Given data ::
↓↓↓
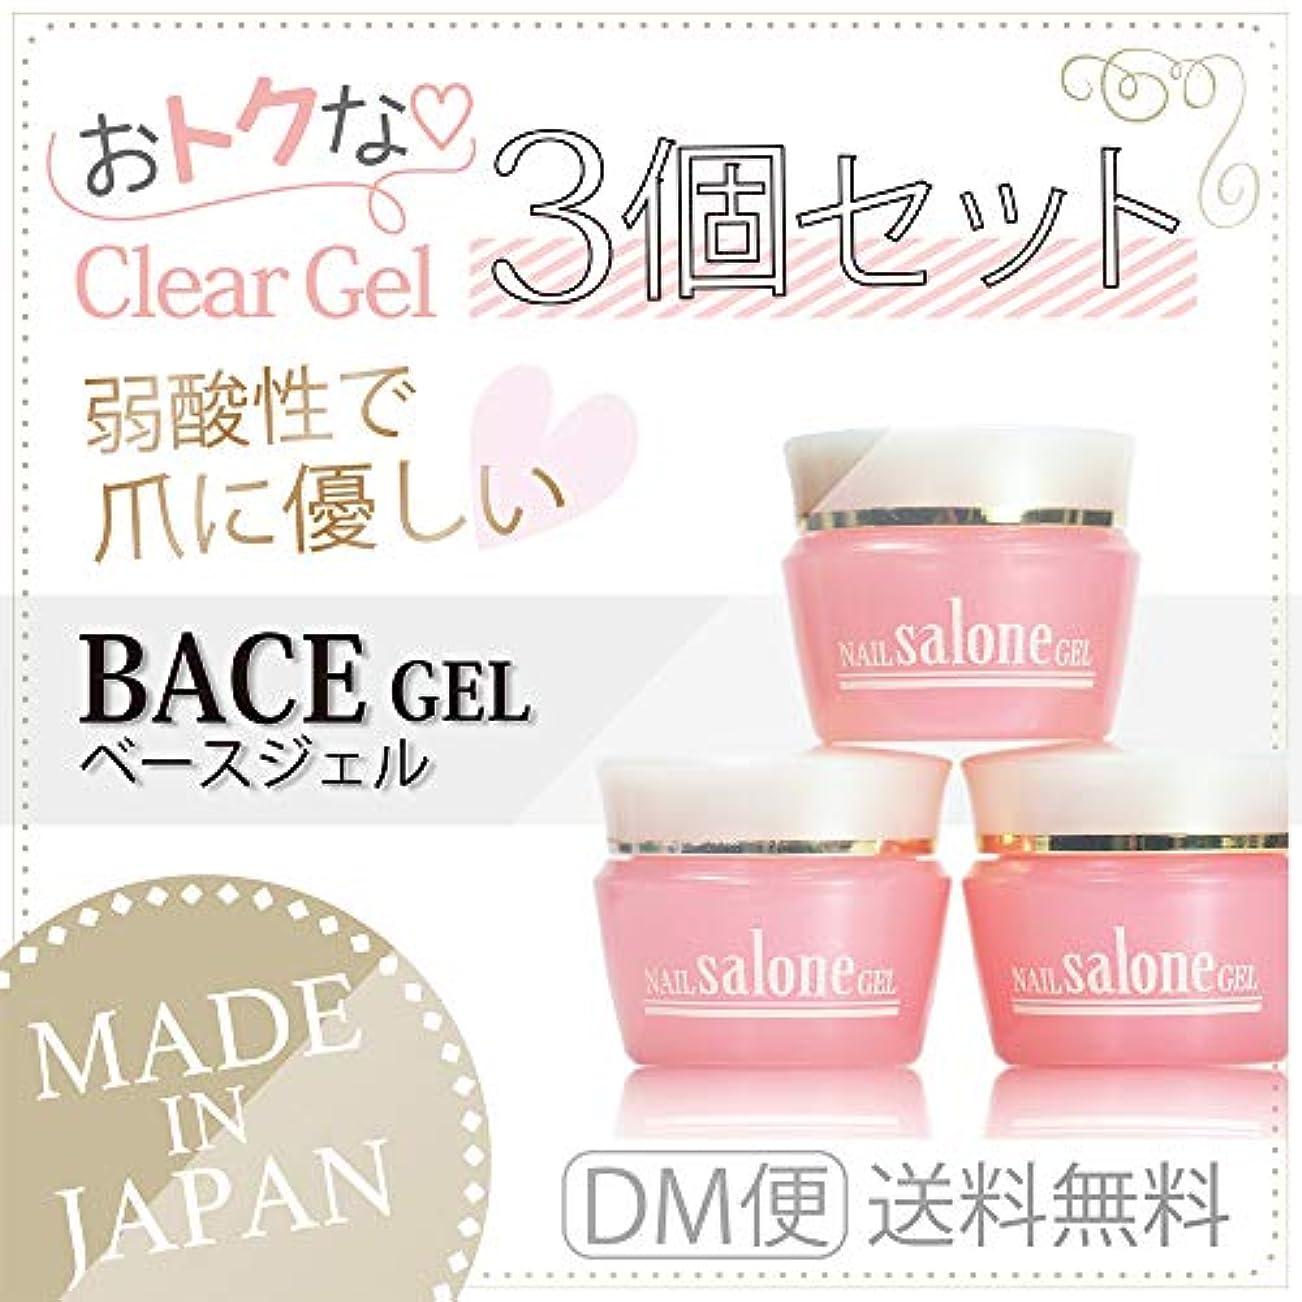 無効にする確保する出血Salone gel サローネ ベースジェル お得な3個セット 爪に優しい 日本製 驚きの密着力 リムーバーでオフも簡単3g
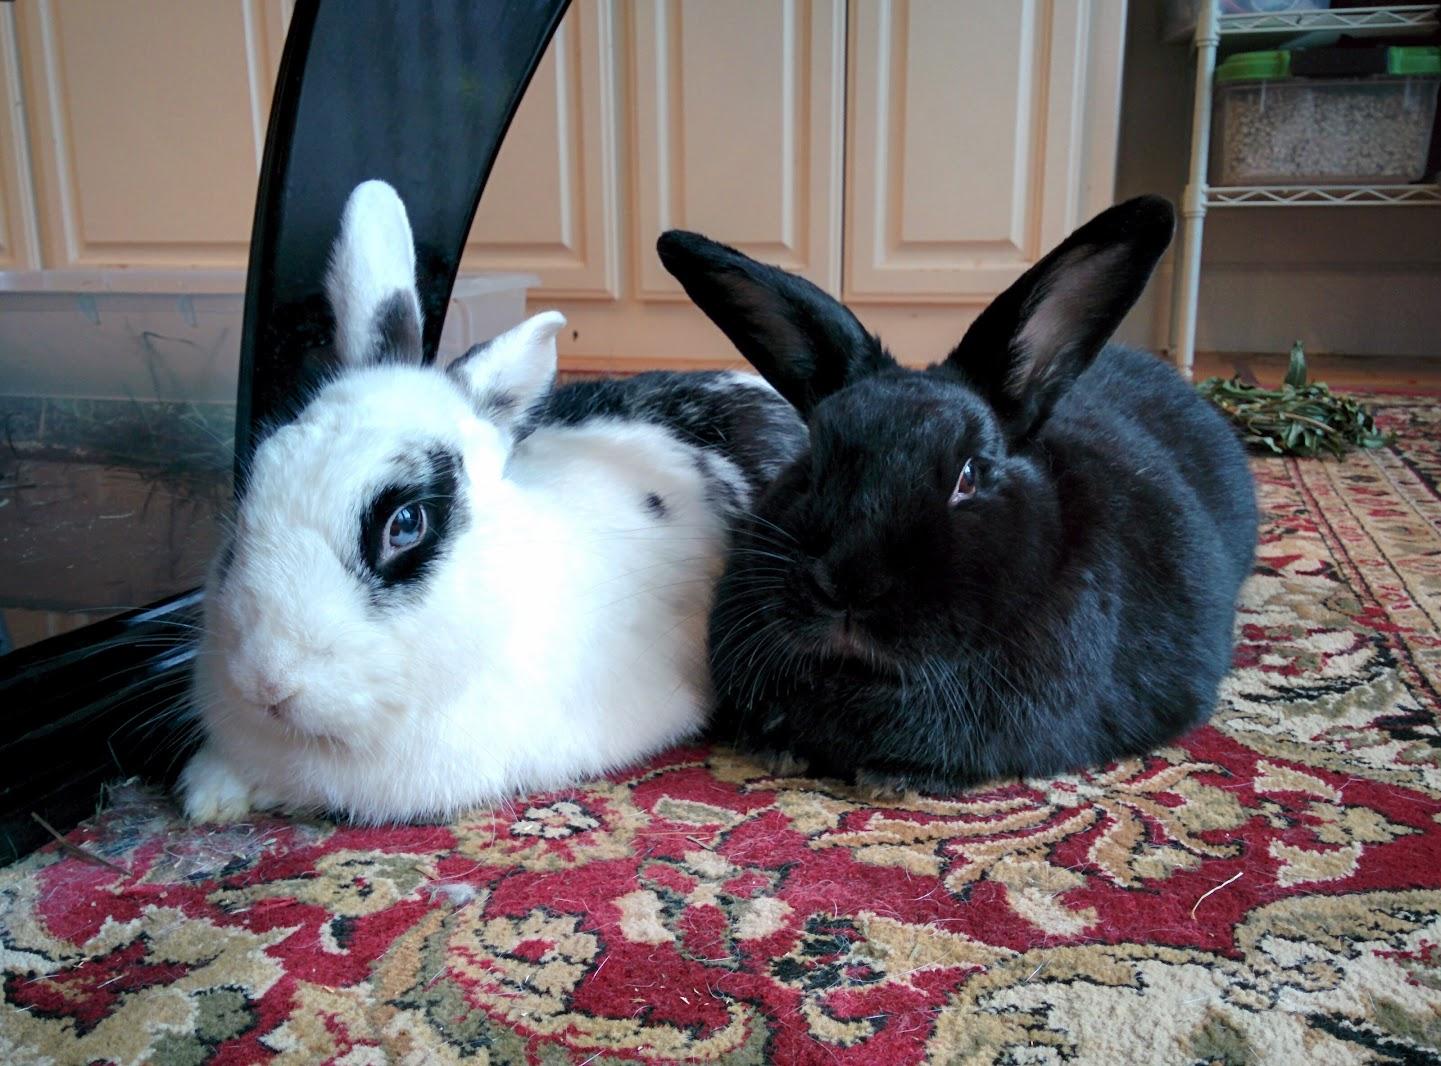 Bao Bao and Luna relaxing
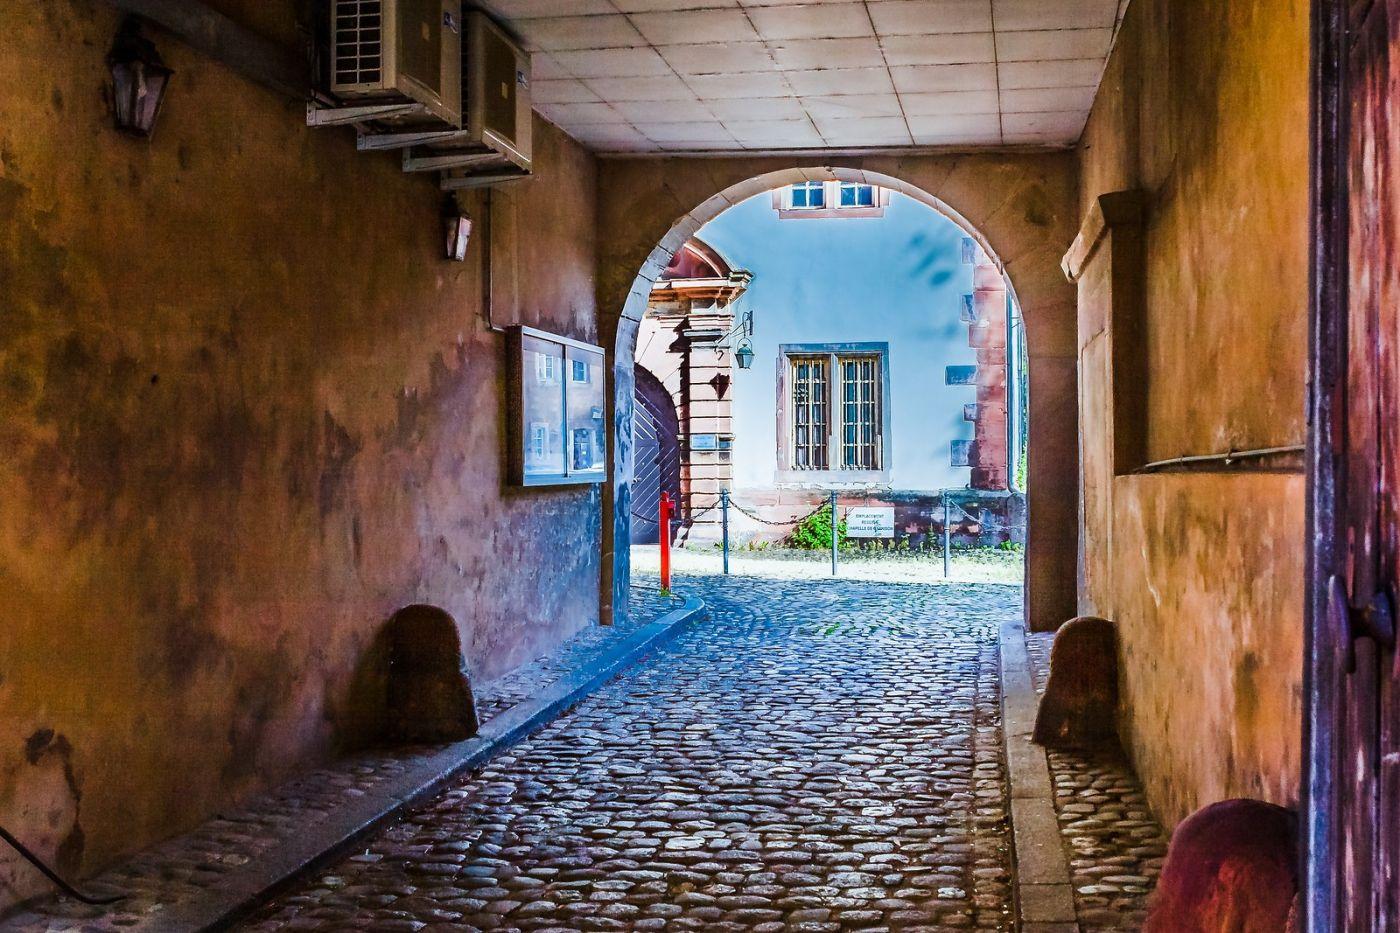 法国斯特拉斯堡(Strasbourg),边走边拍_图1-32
↑↑↑
Restate the data above exactly, stripping out each image.

Answer to this task ::
 無効にする確保する出血Salone gel サローネ ベースジェル お得な3個セット 爪に優しい 日本製 驚きの密着力 リムーバーでオフも簡単3g
 Bao Bao and Luna relaxing
 法国斯特拉斯堡(Strasbourg),边走边拍_图1-32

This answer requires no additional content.